Hayırlı ve uzun ömür için dua etme geleneği neredeyse ağzı dualı herkesin günlük virdlerindendir. Buna bazen hayırlı ölüm isteği de ilave edilmektedir. Nuh Peygamberin 950 yıllık ömründen Kur’anda bahsedilir. Yuvarlak hesaplamalara göre, kabri Şırnak İl’i Cizre İlçesinde olan Nuh Peygamberin 1350 yıl yaşadığı anlatılmaktadır. Kabrinin, Kabenin etrafında, Mültezemle İbrahim Makamı arasında da olduğu rivayet edilen Nuh Peygambere ; ne kadar yaşadığı sorulduğunda, “Dünya bir han misalidir, bir kapıdan girdim, diğerinden çıktım” diye cevap verdiği rivayet edilmektedir. Peygamberimiz de bu hakikati ilan için; dünya hayatı bir yolculunun yolculuğu esnasında, yorulduğu bir sırada, bir ağacın altında gölgelenmesi, o yolculuk içinde ne anlam ifade ediyorsa, dünya hayatı da öyle bir zaman kadardır diye buyurmuştur.

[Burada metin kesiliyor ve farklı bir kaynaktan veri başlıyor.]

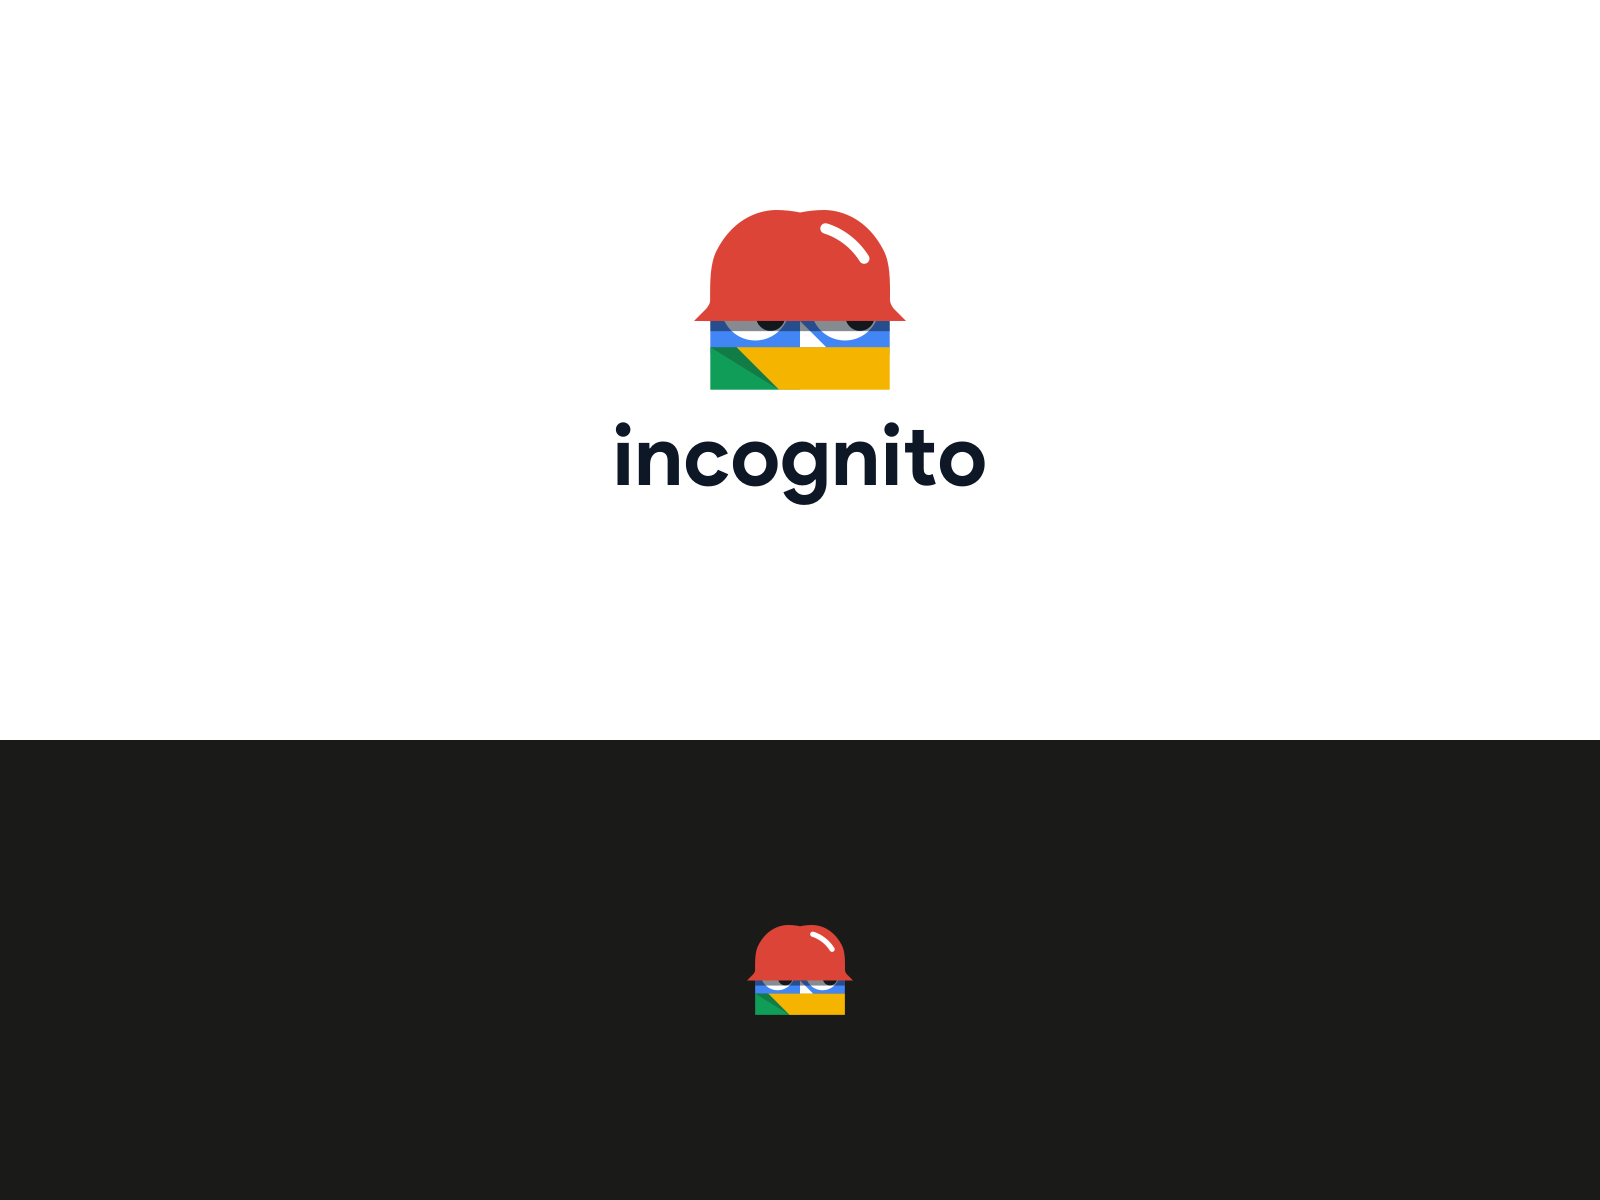 Incognito logo png | Klipartz
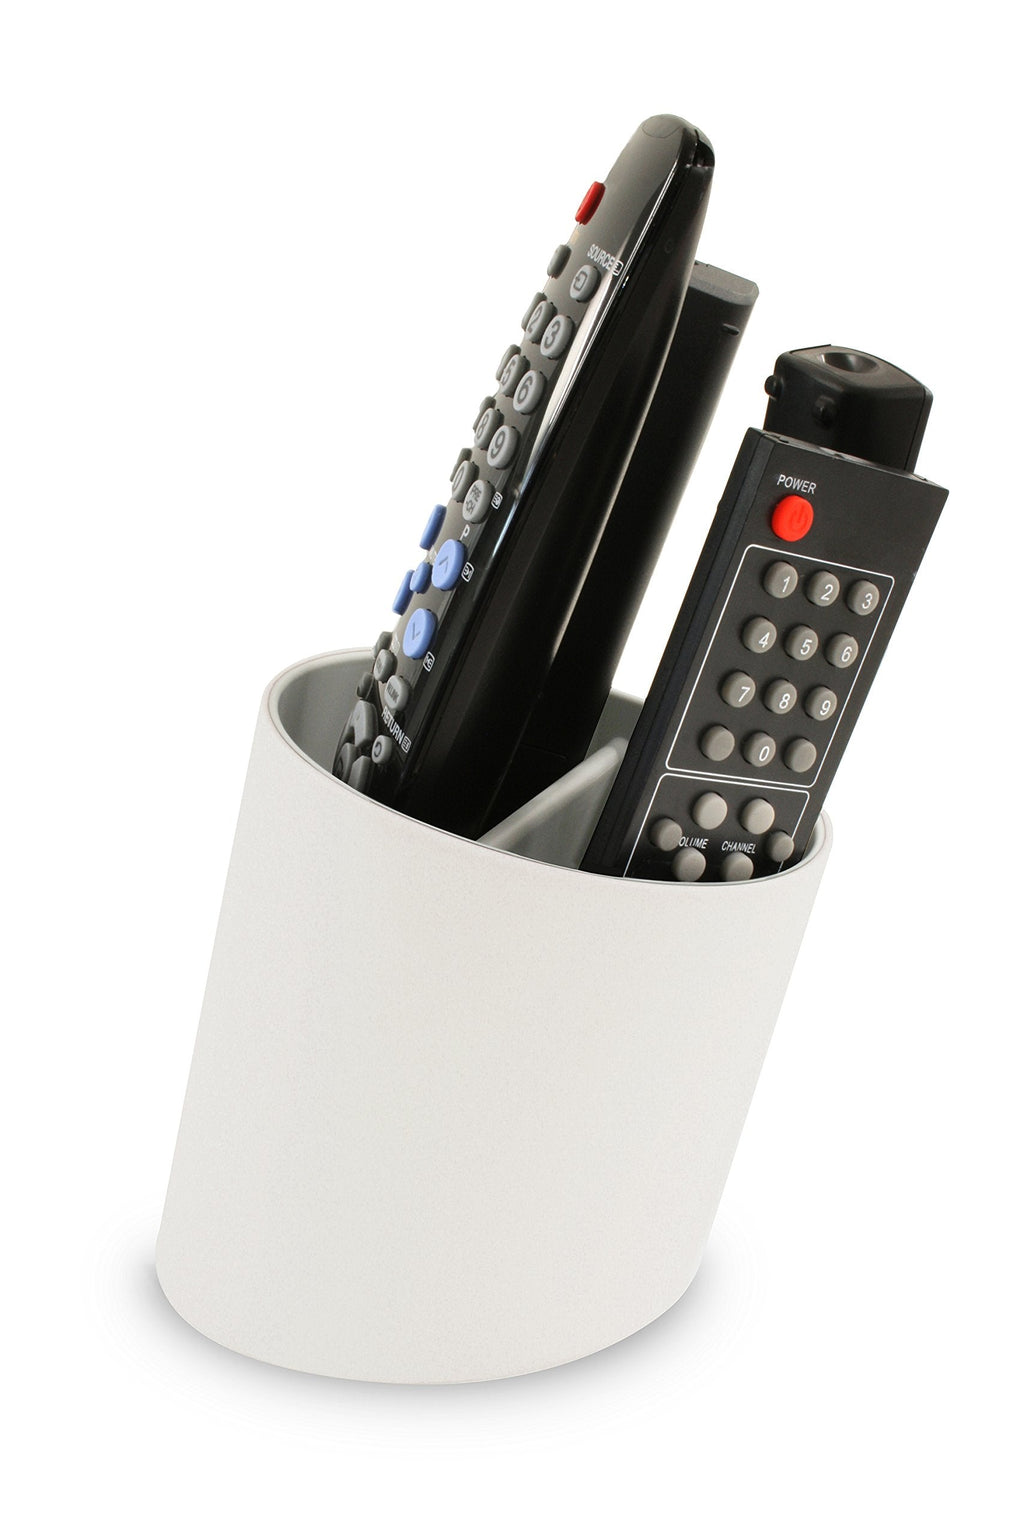  [AUSTRALIA] - j-me Remote Control Holder | TV Remote Holder | Media Storage Caddy | Remote Organizer | Caddy Organizer for up to 4 Remote Controls (White/Gray) White/Gray

Yüce Kur’an dünya hayıtıyla ilgili birçok tarif yapmıştır. Dünyanın oyun ve eğlenceden ibaret olduğu Kur’ani mesajlar içiresinde çokça görülmektedir. Elbette ! Dünyanın oyun ve eğlence olarak tanımlanması, hiçbir anlamının olmadığını işaret etmek için değildir. Kısalığını, sonlu olduğunu, kalıcı olmadığını ve dünya ile ilgili hesapların bunun üzerinden değerlendirilmesinin doğru olacağını anlatmak için bu tariflerin yapılmıştır. Tabii ki; Kur’ani mesajlarda yüce Yaratıcının ne murat ettiğini beşer olarak tam anlamamız mümkün değildir. Her zihin kendi iman ve bilgi seviyesine göre, yaşadığı çağın da değerlerini dikkate alarak Kur’ani mesajlardan bir sonuç çıkarmaktadır. Çıkarılan bu sonuçlar bazen lokaldir, bazen yıllara uzanan bir bilgi kaynağına dönüşmektedir. Dünya ile ilgili Kur’ani bilgilerin, her dönemde bir karşılığı vardır. Doğru ve ön yargısız bakıldığında da neredeyse herkes Kur’andaki dünya ile ilgili değerlendirmelerinden benzer sonuçları çıkarmaktadır.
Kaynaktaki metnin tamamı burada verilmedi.